(01-17-2015, 06:28 PM)Sastra Wrote: It (and some light social awkwardness) prevents me from signing up to gyms and such, one thing is that it's good to do something for myself, but it really kills me a bit when no one else has any sort of belief that I'll be able to stick to attending it.
I think the trick here is to find something that you really *like*, so that you're not "sigh, going to work out now", you're just doing the things you like.
I love bicycling, for instance, so that's a part of my exercise regimen. I also love rowing crew (which was a surprise for me when I discovered this), so I added that. I'm not ultra-serious about either (I'm a fair weather bicycle commuter, I do some recreational rowing, too), but they form the foundation of how I exercise. Both bicycling and rowing are seriously aerobic, and and aerobic fitness is one of those things that's pretty painful (metaphorically and literally) to develop, so I tend to keep up with them during the off-season, simply to spare myself the misery when it warms up of getting back into them.

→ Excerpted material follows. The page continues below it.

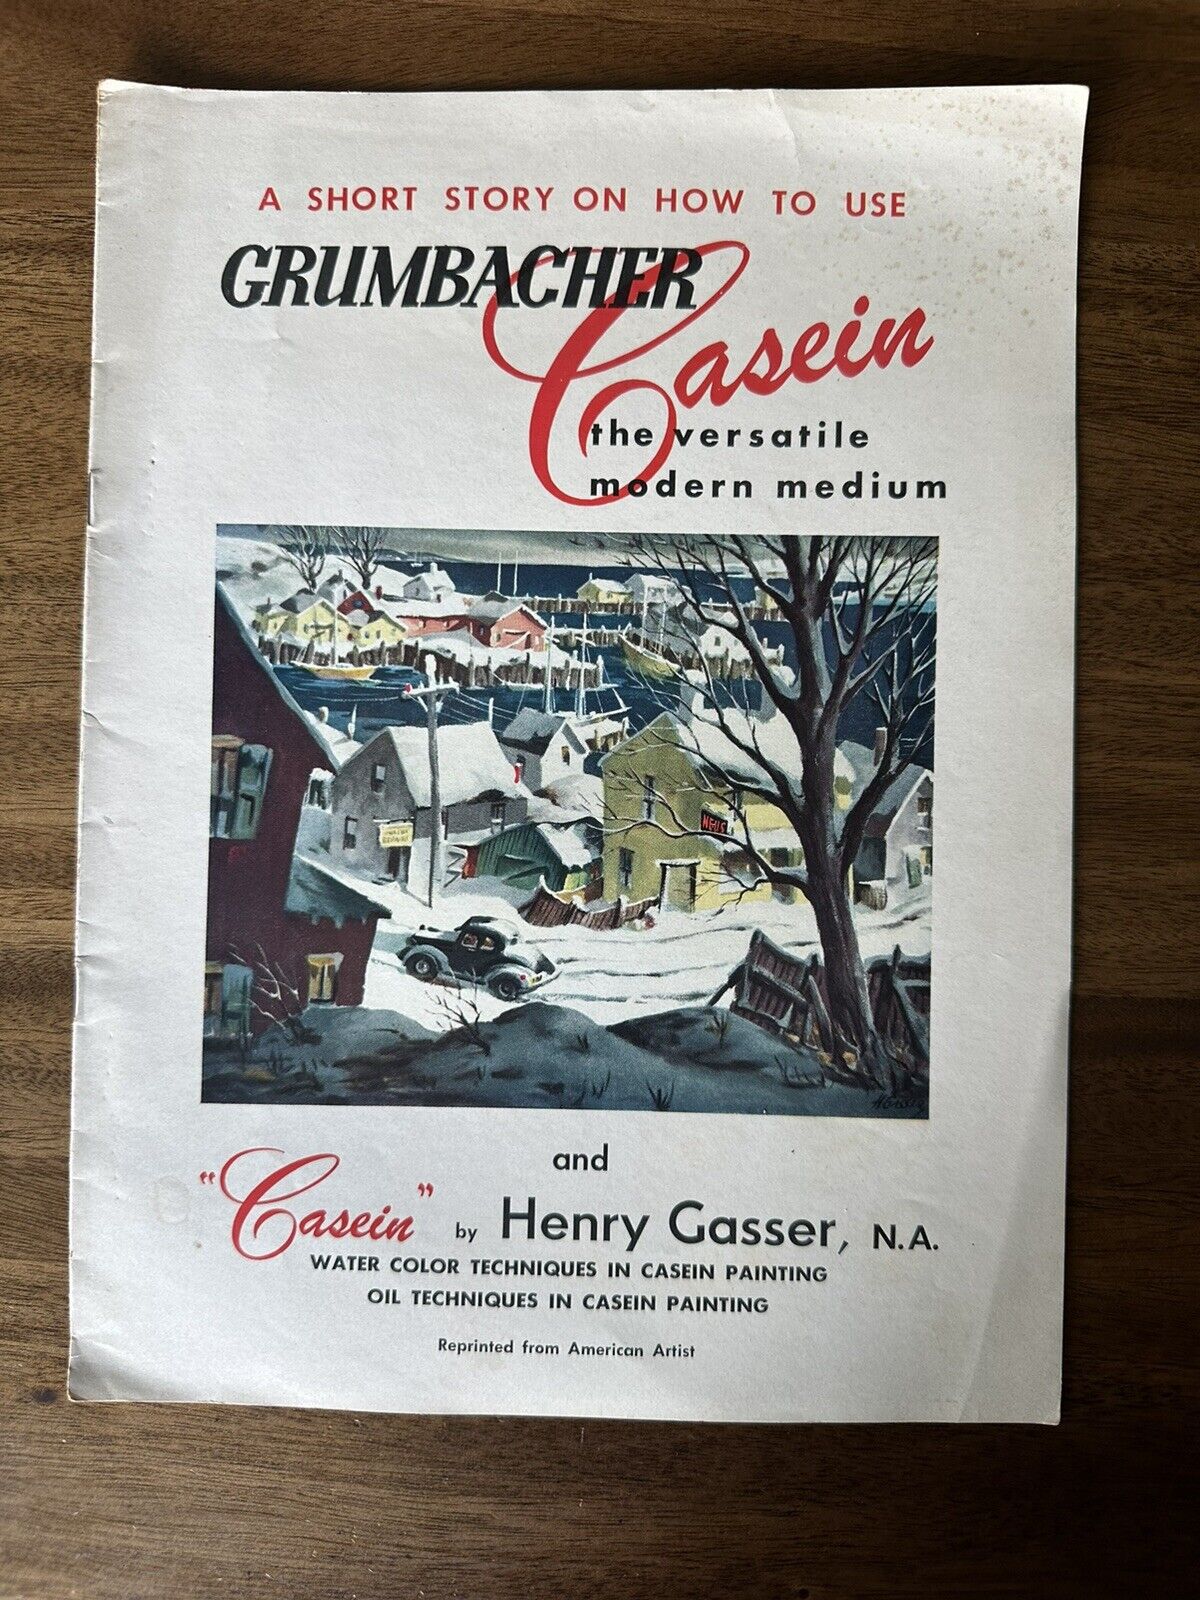 VTG 1957 Oil Painting & Water Color Techniques Grumbacher Casein Henry Gasser

Since both bicycling and rowing benefit from strength training, too, I do a three-times-a-week workout involving weights. It's not terribly complex - four exercises that take about 20 minutes total to do, plus a fifth that I have to do to compensate for a motorcycling injury.

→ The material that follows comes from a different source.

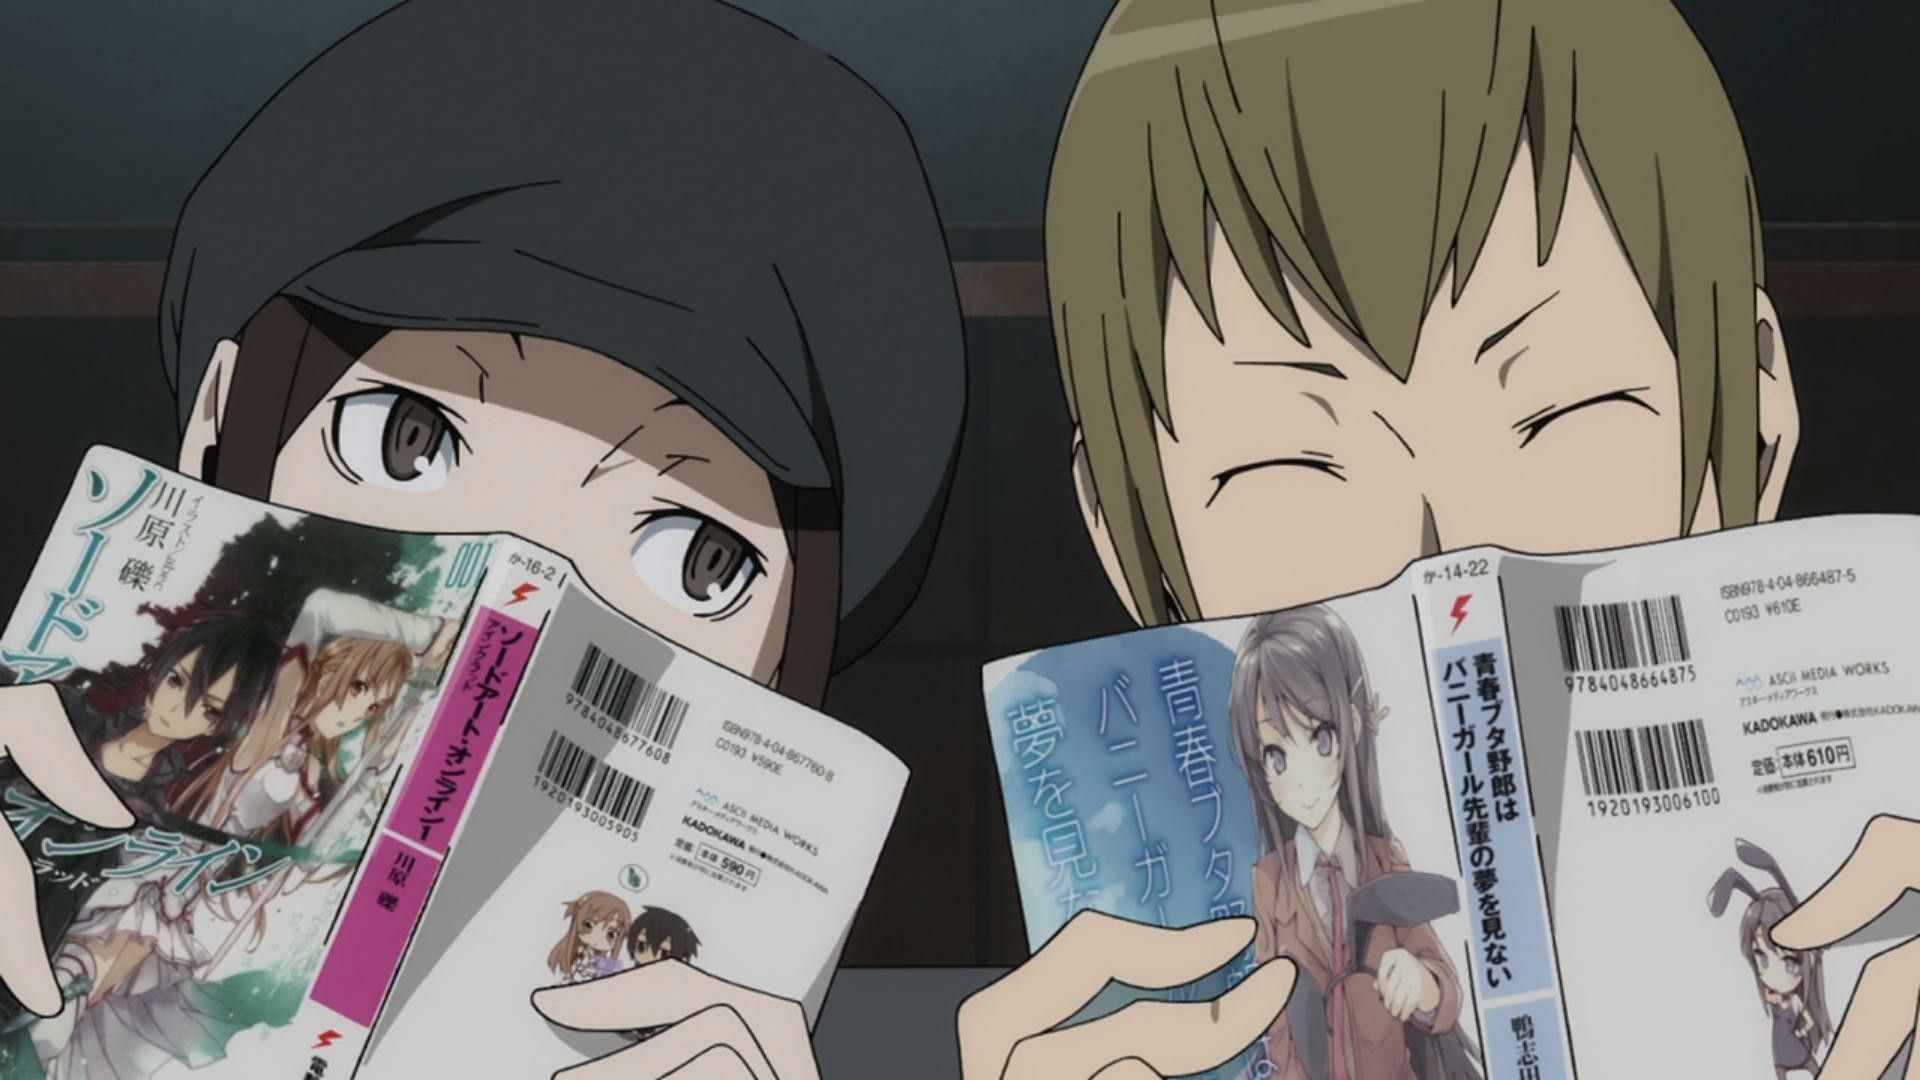 Erika and Walker from the anime Durarara reading manga together.

The result of all this is an exercise program that keeps me reasonably fit and doesn't really take willpower. The only gym stuff I do are the weights (which I could do at home, if I really cared about it) and rowing on an erg. And the erg is fun (I'm a masochist), because it's rowing!
A little postscript about rowing, by the way, though it applies to a lot of team sports: The club I row for, like most rowing clubs, has a learn to row program. It was a 6 week commitment, and they taught me everything I needed to get started. Everyone else in the class was just as new as me, so we were all in the same boat. Rowing is certainly a team sport, in that you're in a boat with a bunch of other folks and you're all working together to make it go, so everyone encouraged each other. It made it a really nice, positive experience. Instead of feeling crappy about my poor rowing skills and my poor rowing fitness while holding up a bunch of experienced rowers, I was with people who were (literally!) in the same boat as me.